▶ Exercise prompt: Each line of the data below between the one containing "Pink cosmetic pencil smear by GekaSkr" and the one containing "Eine Braut hält", both included, is to be repeated exactly. Please omit pictures.

▶ Entries supplied:
++++++++++

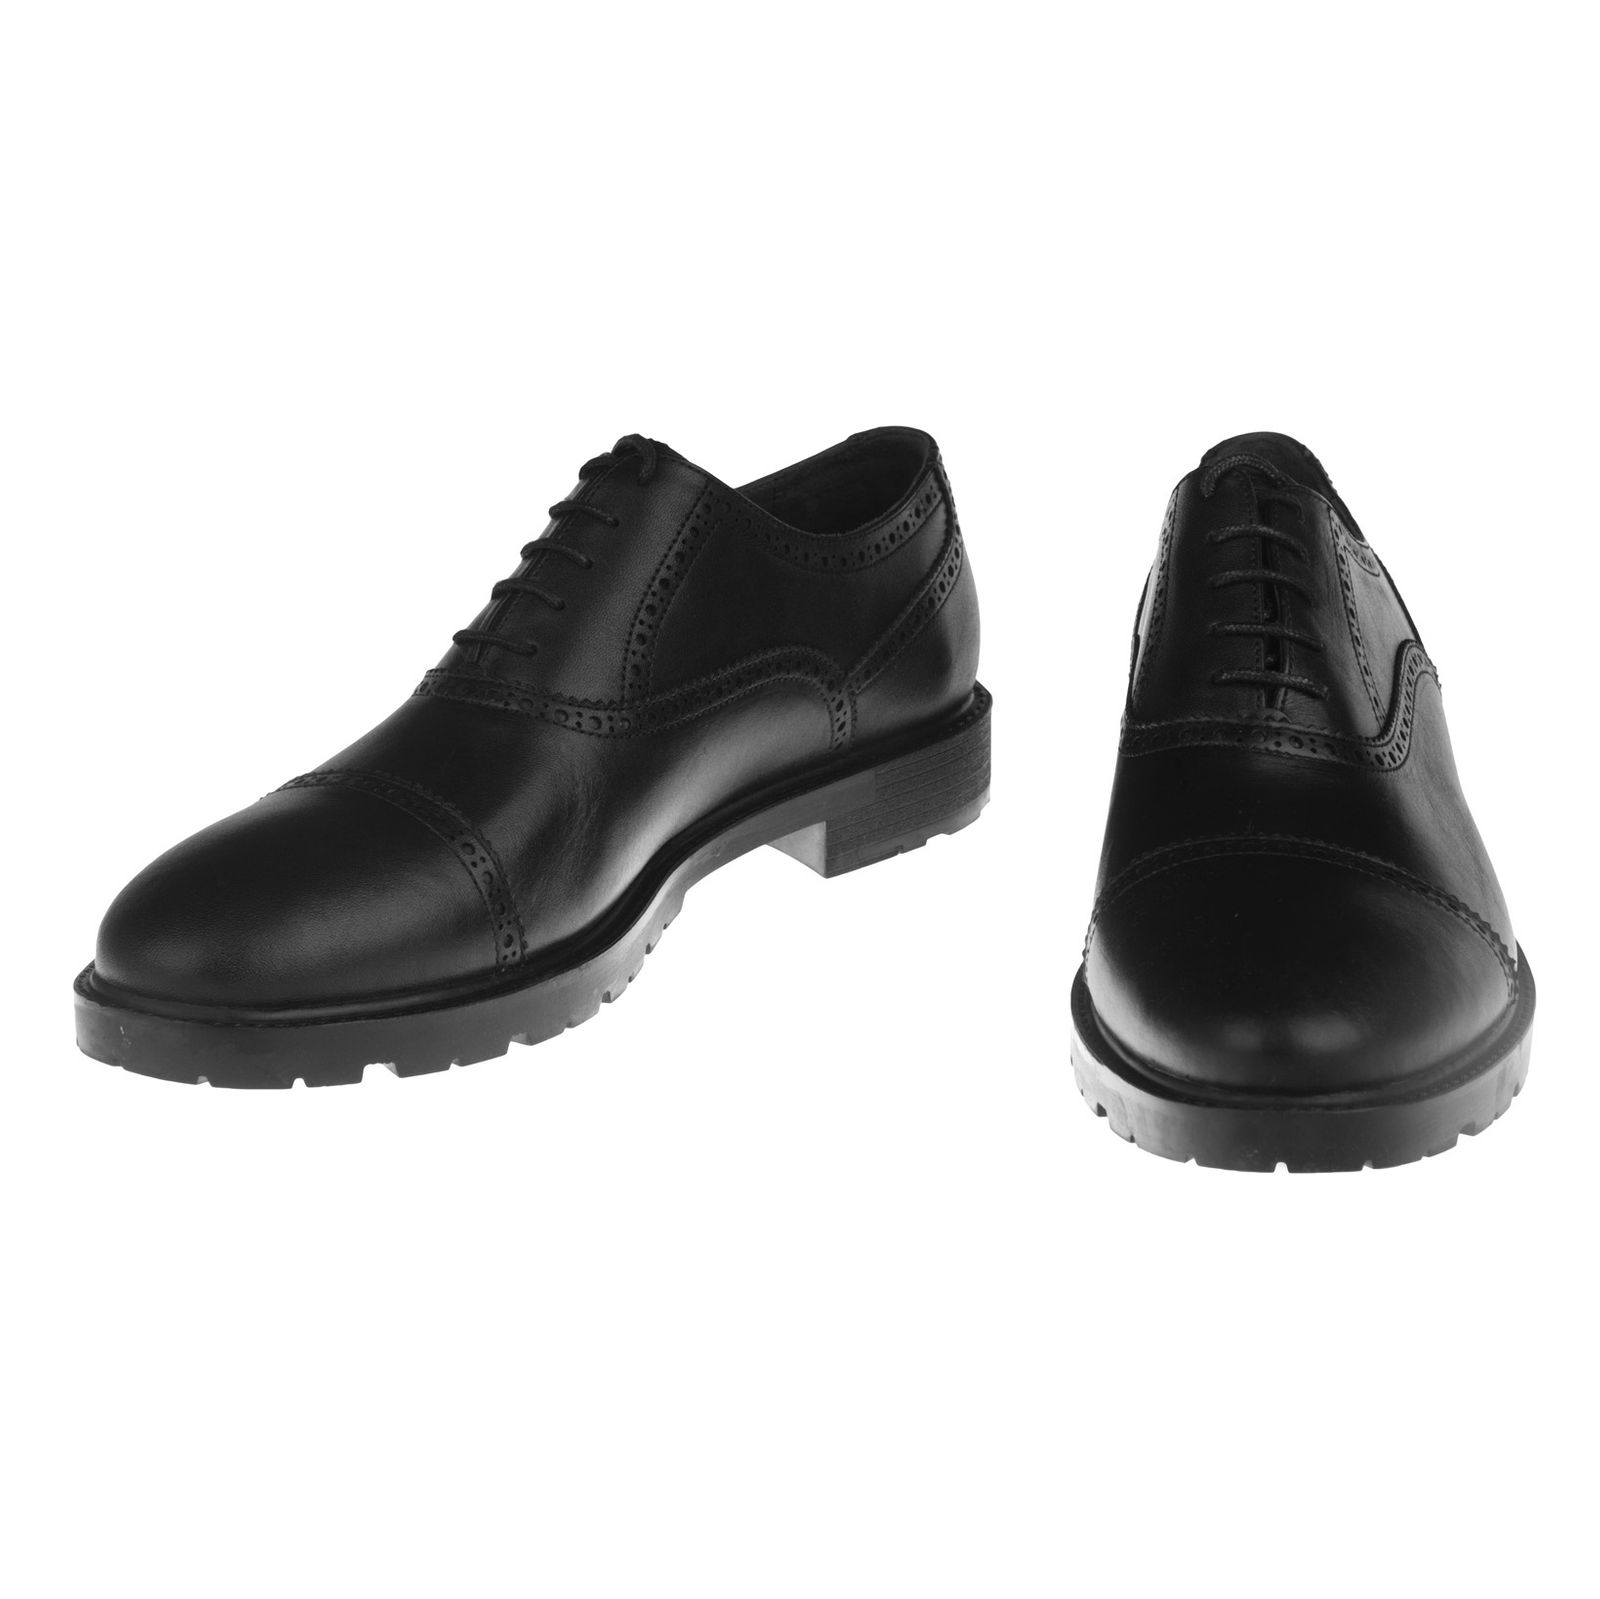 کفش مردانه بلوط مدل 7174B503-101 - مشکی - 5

++++++++++

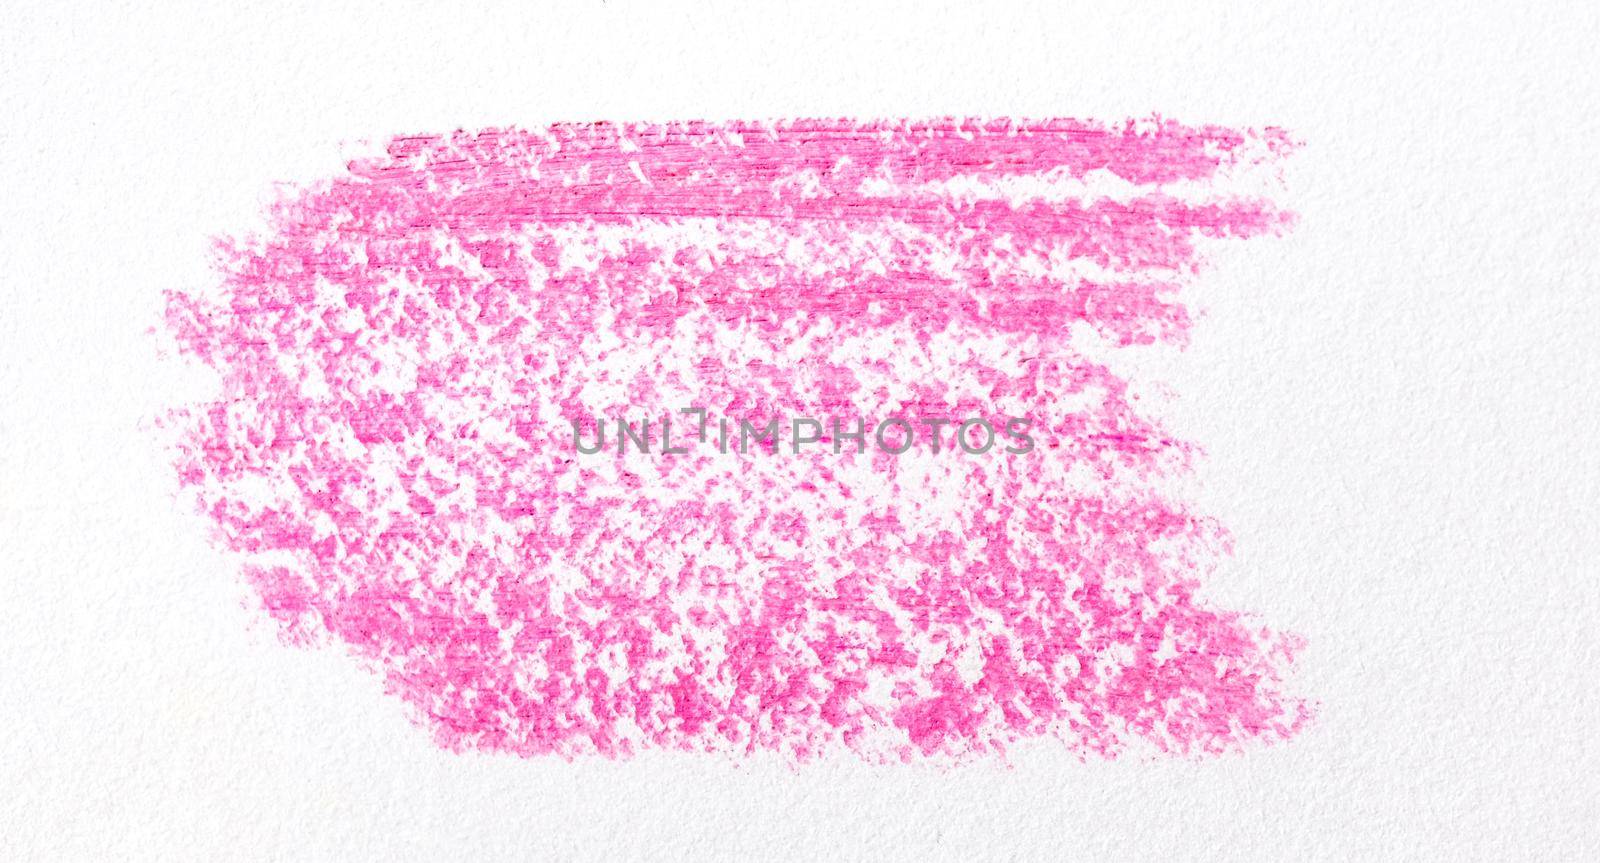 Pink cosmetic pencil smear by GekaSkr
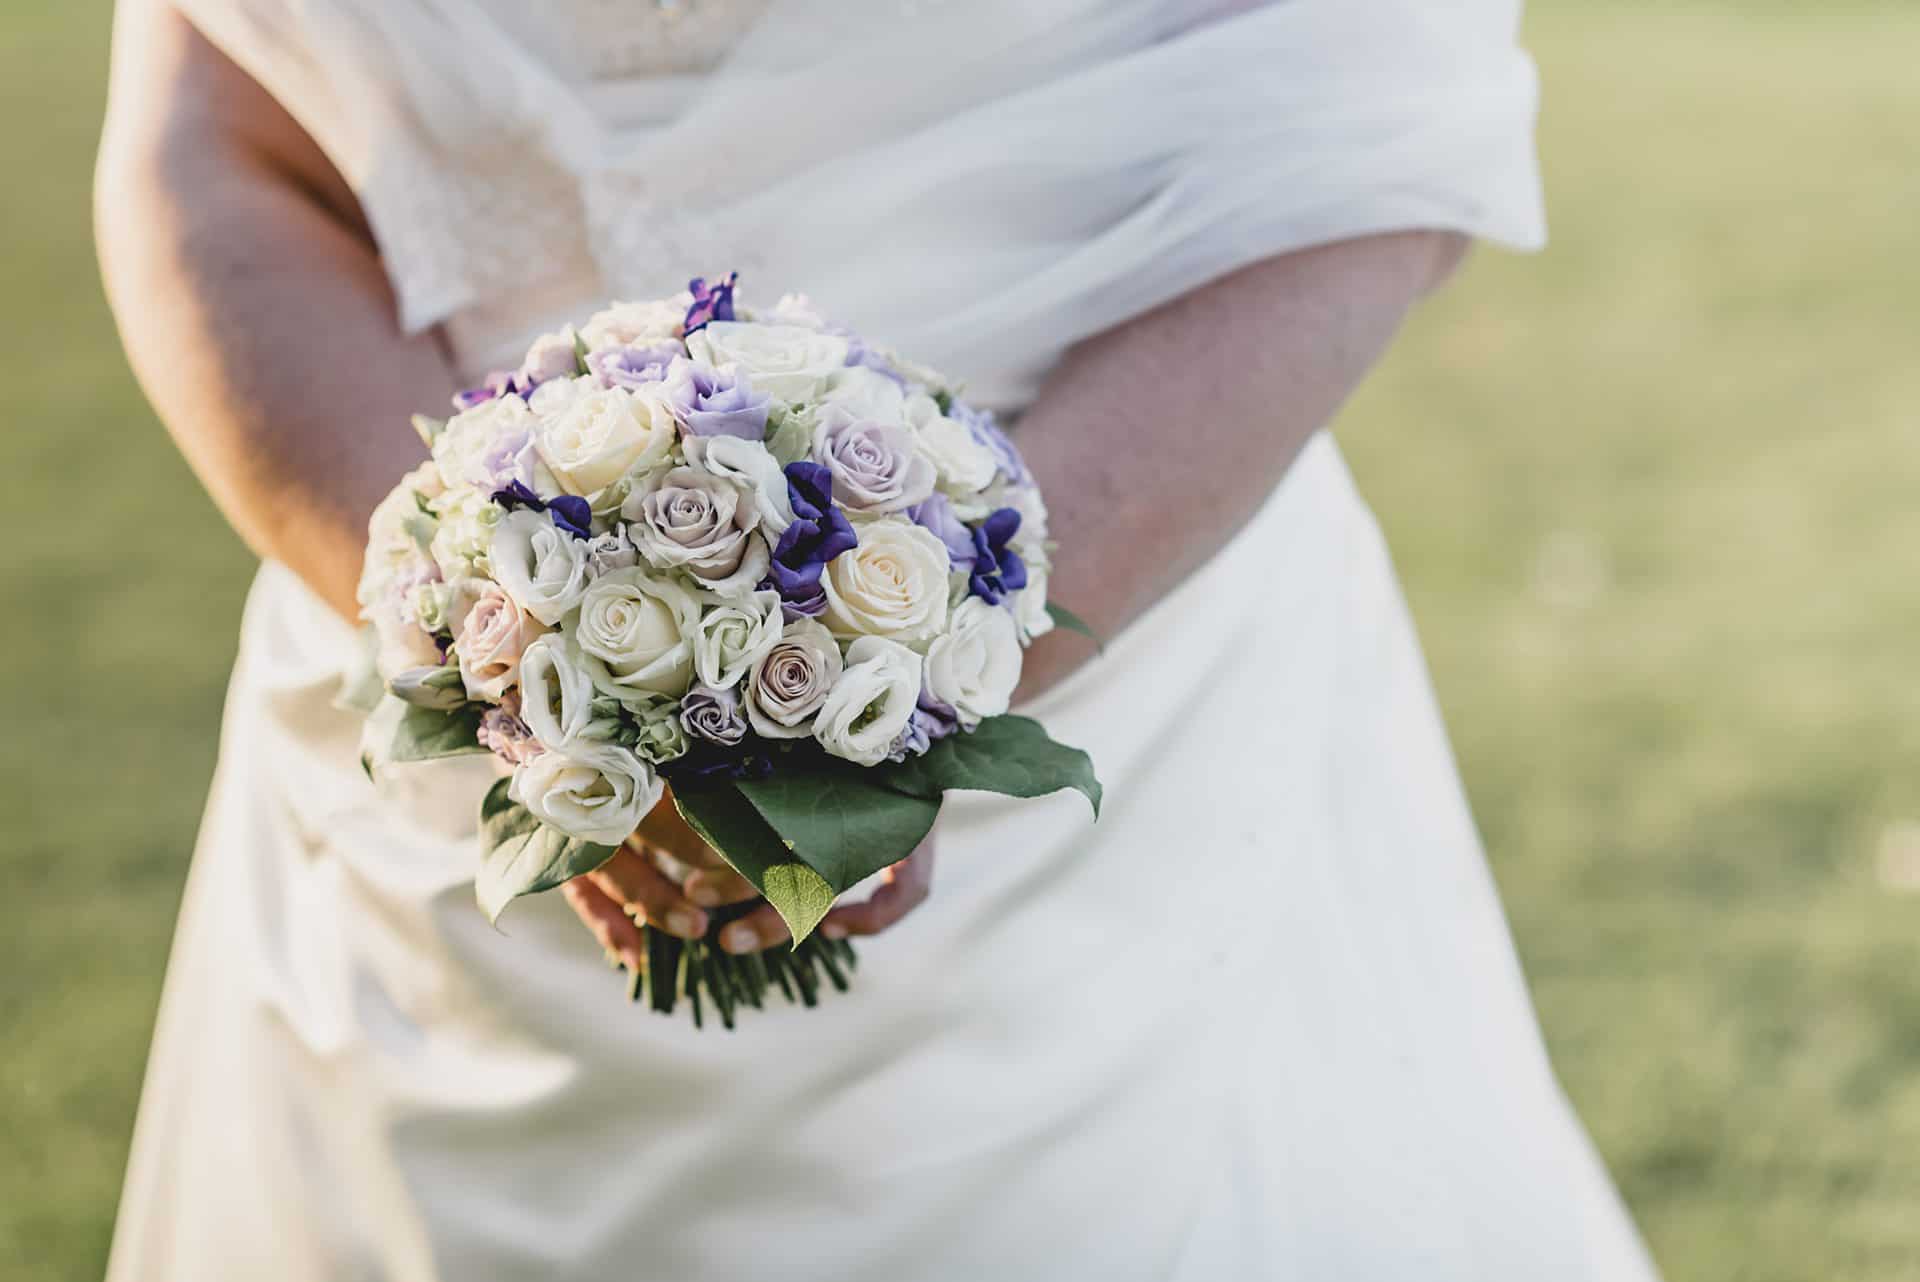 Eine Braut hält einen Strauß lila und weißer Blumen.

++++++++++

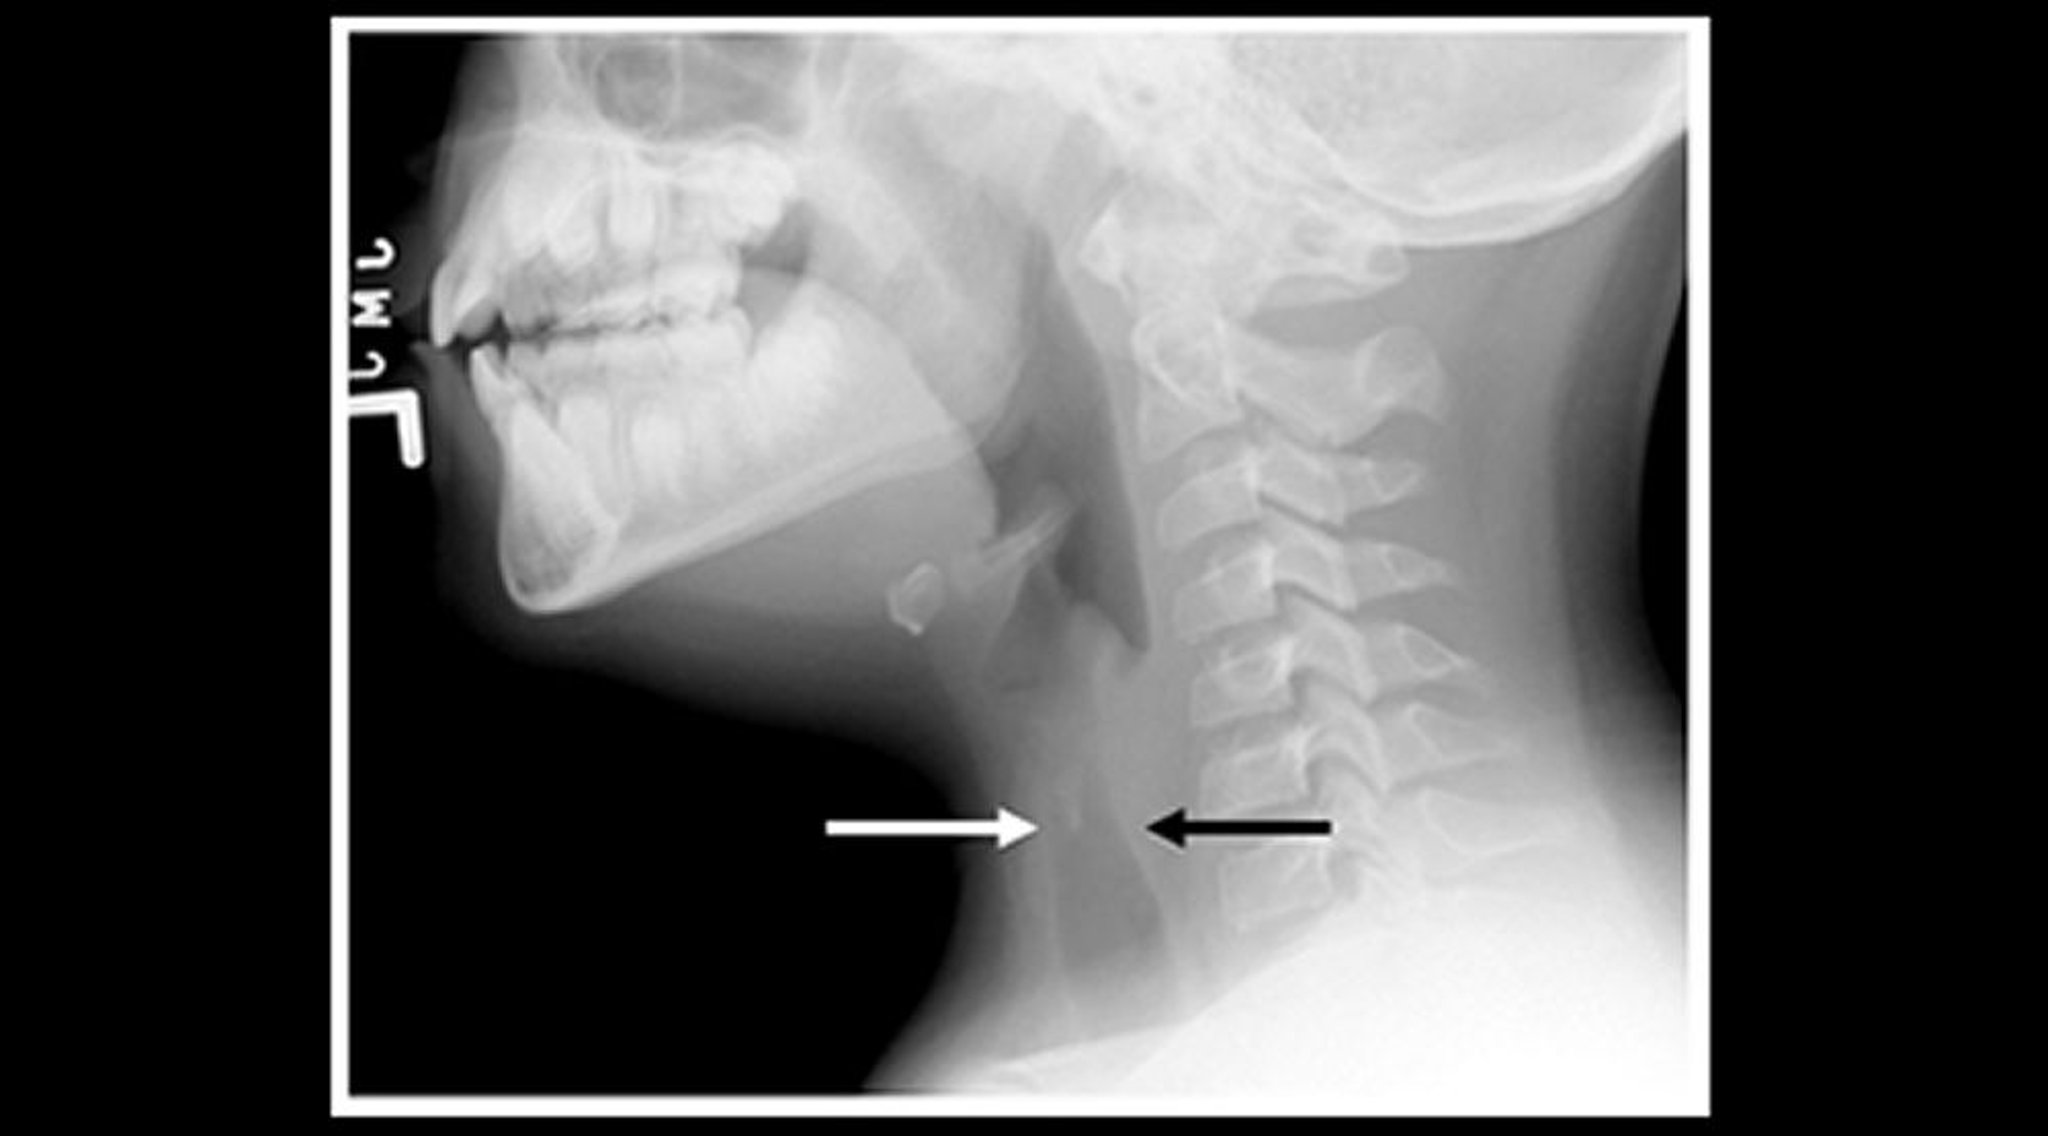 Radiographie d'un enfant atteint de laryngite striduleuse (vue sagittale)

++++++++++

▶ Answer to the problem:
 Pink cosmetic pencil smear by GekaSkr
 Eine Braut hält einen Strauß lila und weißer Blumen.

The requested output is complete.